For the analysis of methylome data, raw reads were trimmed with TrimGalore (--2colour 20, --clip_R1 8, --three_prime_clip_R1 8, --clip_R2 8, --three_prime_clip_R2 8). Trimmed reads were mapped to GRCh38 and deduplicated with Bismark (v0.24.2)10. Subsequently, strand-specific or destranded methylation calls were extracted using Bismark bismark_methylation_extractor or coverage2cytosine module, respectively. Finally, we used recently developed BISulfite-seq Command line User Interface Toolkit (BISCUIT) to call SNVs from methylome data: the trimmed reads were aligned to GRCh38 and pileup VCF files were generated using BISCUIT11.

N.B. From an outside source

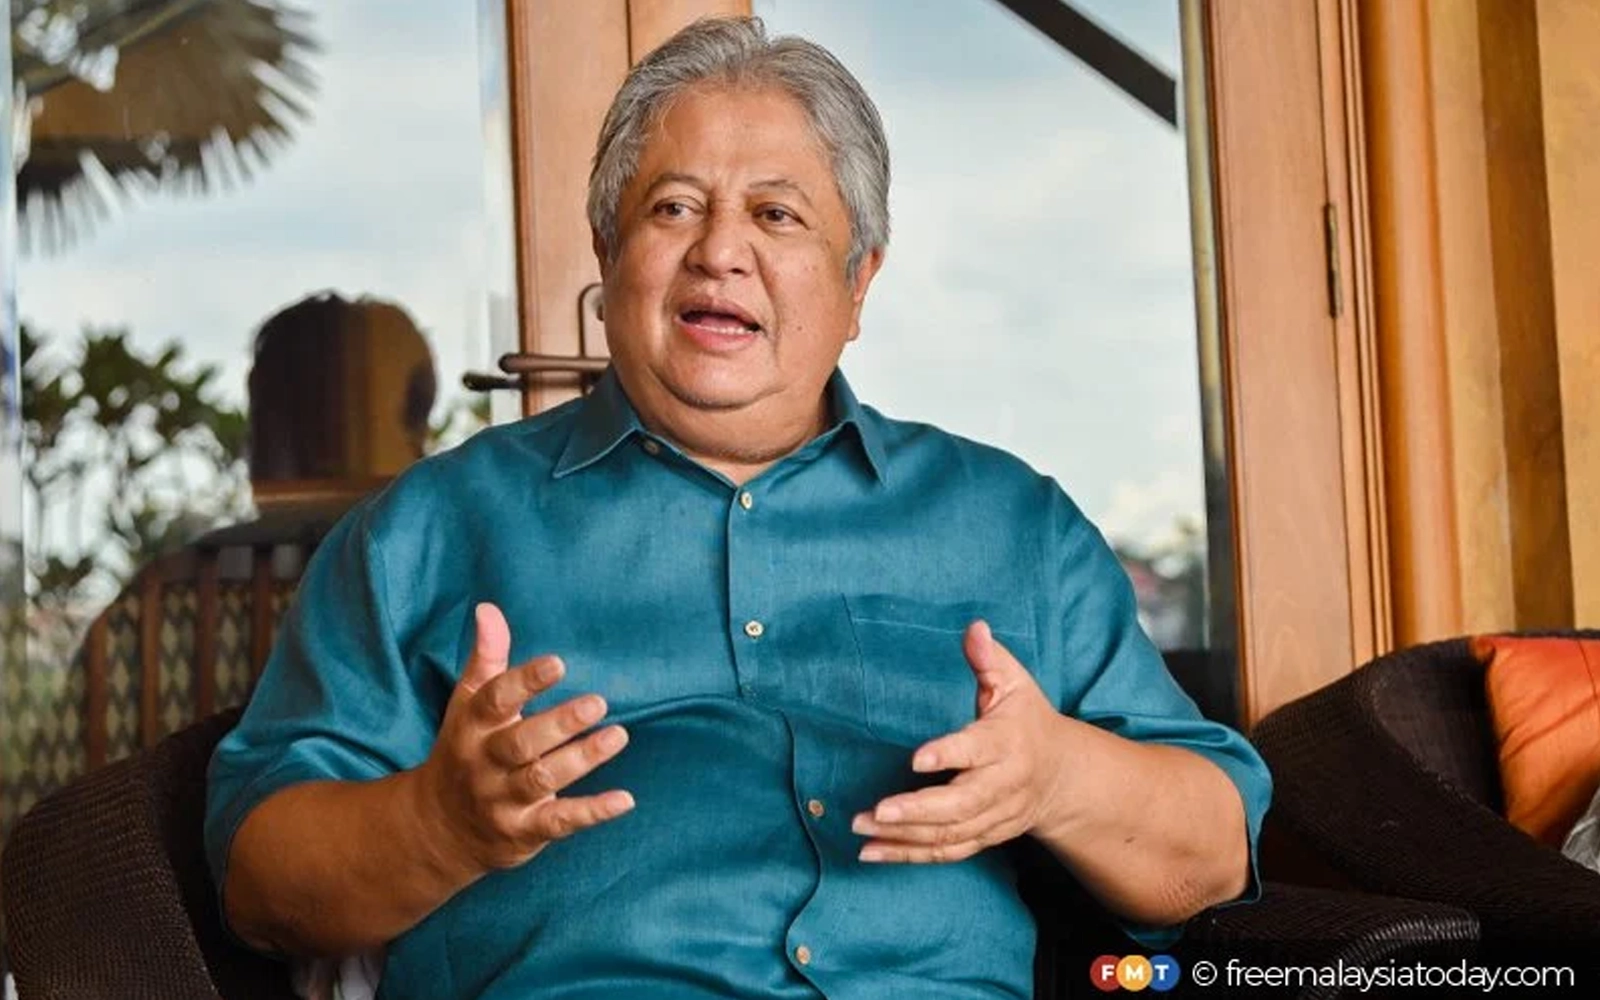 rm50 for minor name error at check-in ridiculous, zaid tells mavcom

A metric to assess coverage uniformity in sequencing data, fold-80 base penalty, was calculated with CollectHsMetrics of GATK12. The fold 80 base penalty is a metric for smoothness of coverage, indicating the fold-over coverage needed to bring 80% of target bases to the mean coverage level. A value of 1 is theoretically perfect, while a value of 2 suggests repeating sequencing to achieve satisfactory coverage. In general, a fold 80 base penalty of 3 or less is considered satisfactory, a well-balanced coverage.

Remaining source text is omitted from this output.